British Columbia

Leaders call for more government action to keep rural ERs open 24 hours/day across the province

A week after the province announced measures to address ongoing emergency room closures on Vancouver Island, community leaders in other areas say more should be done for all rural hospitals.

'Lives are at stake,' says Prince George-Mackenzie MLA Mike Morris

Community leaders in rural B.C. are calling on government to help keep emergency rooms open 24 hours a day. (Submitted by: B.C. Emergency Health Services)

It's a cold, wintry day in northern B.C. The roads are icy and snow is heavily falling.

Then you experience a medical emergency. 

The problem: the local hospital is closed. Now you're forced to travel hours, in treacherous conditions, for the medical attention you need.

That's the reality for many in rural and remote parts of the province, as emergency rooms continue to face closures due to staffing shortages.

And that's why leaders in those areas are calling on the province to improve emergency health services in their communities. 

Last week, the province announced measures that will, ideally, provide more certainty for residents in and around northern Vancouver Island, where two emergency rooms will now be closed overnight, and the next, closest hospital will remain open 24 hours a day.
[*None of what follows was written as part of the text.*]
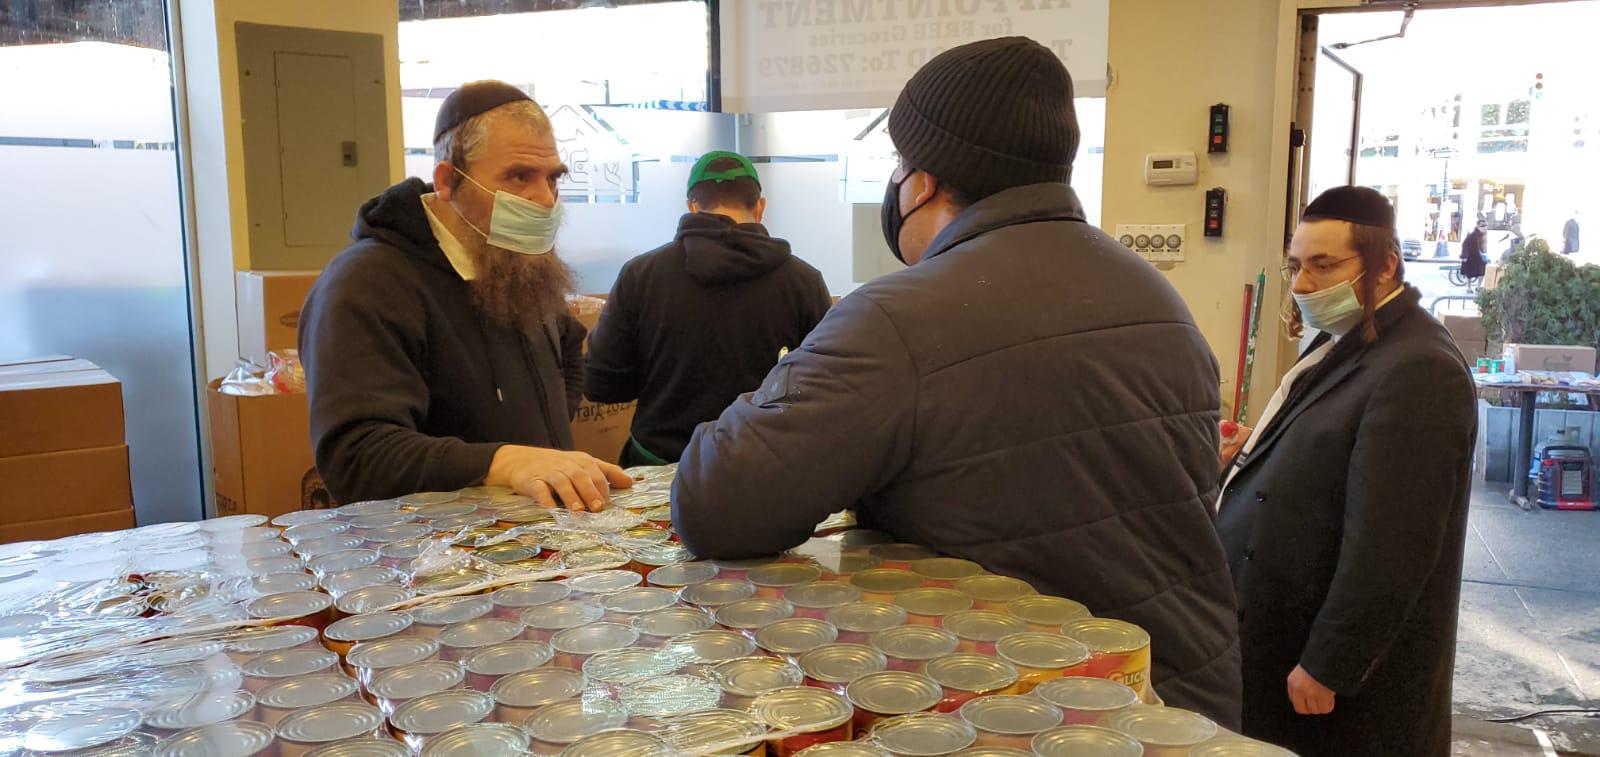 reporter Gabriel Sandoval interviews Shimon Posen at Masbia Boro Park during pandemic

The province also announced a $30-million investment to recruit and retain staff for that area. 

'Lives are at stake': MLA

In northern B.C., the Mackenzie and District Hospital was closed for more than 300 hours in 2022. It's a two-hour drive to the nearest hospitals, which are in Prince George and Chetwynd — and the latter faced more than 200 hours of closures itself in 2022. 

"It is a concern," Mackenzie Mayor Joan Atkinson told Daybreak North host Carolina de Ryk. 

The Mackenzie and district hospital and health centre
The emergency department at the Mackenzie and District Hospital is one of many in B.C. facing ongoing, unpredictable closures. (Google Maps)

It's one of many rural hospitals facing ongoing, inconsistent closures in the province due to staffing shortages. 

Atkinson said her community in particular is in need of more registered nurses and paramedics. 

"Even if our hospital was never on diversion, we still need reliable professional care to move people out of the community when they need to go to a regional hospital," she said. 

"You can't have a baby in this hospital. If there's any major medical event like a stroke or a heart attack, those people have to get down to Prince George."

More paramedics in MacKenzie, B.C., would help alleviate emergency health-care concerns in the community, the mayor says. (Jonathan Hayward/The Canadian Press)

Prince George-Mackenzie MLA Mike Morris is urging the provincial government to improve emergency health services in rural communities. 

"It is simply unrealistic for people in this region to either wait for an ambulance, which is so hard to get as it is, or face extensive travel to another facility," Morris said. 

"Lives are at stake."

Atkinson said a group of about 30 mayors from across B.C. are working on a plea to the province for help dealing with health-care shortages as a whole. 

"We need to staff up all of our hospitals and we need to staff up all of our paramedic units across the province."

B.C. Liberals, doctor call on B.C. NDP to do more

Last week, the B.C. Liberals joined a Port Hardy physician in calling on government to approve the use of physician assistants — health-care professionals who can conduct patient interviews and exams, write prescriptions and assist in surgery. 

"At a time when our health-care system so clearly needs all the help it can get, you'd think that the NDP would jump at the opportunity to bring more trained medical professionals to our province," health critic Shirley Bond said. 

"British Columbians expect the NDP government to use every tool in the toolbox to deliver the health care people need and deserve."

Northern Health was unable to provide comment before deadline. 

The Ministry of Health says it is working to try to address doctor shortages in rural communities through several ongoing recruitment and retention initiatives, including expanding the number of medical student seats at the University of British Columbia's medical school, increasing the number of residency positions for international medical graduates at UBC, and more funding to help rural doctors address the rising costs of living and working in rural communities as part of the new Physician Master Agreement.

However, it did not expand on efforts to increase the number of other health-care professionals, such as nurses and paramedics. 

"Issues of staffing and retention will not be resolved overnight," a ministry spokesperson said in an email to CBC.

"The solution to these problems requires both immediate action and long-term investments."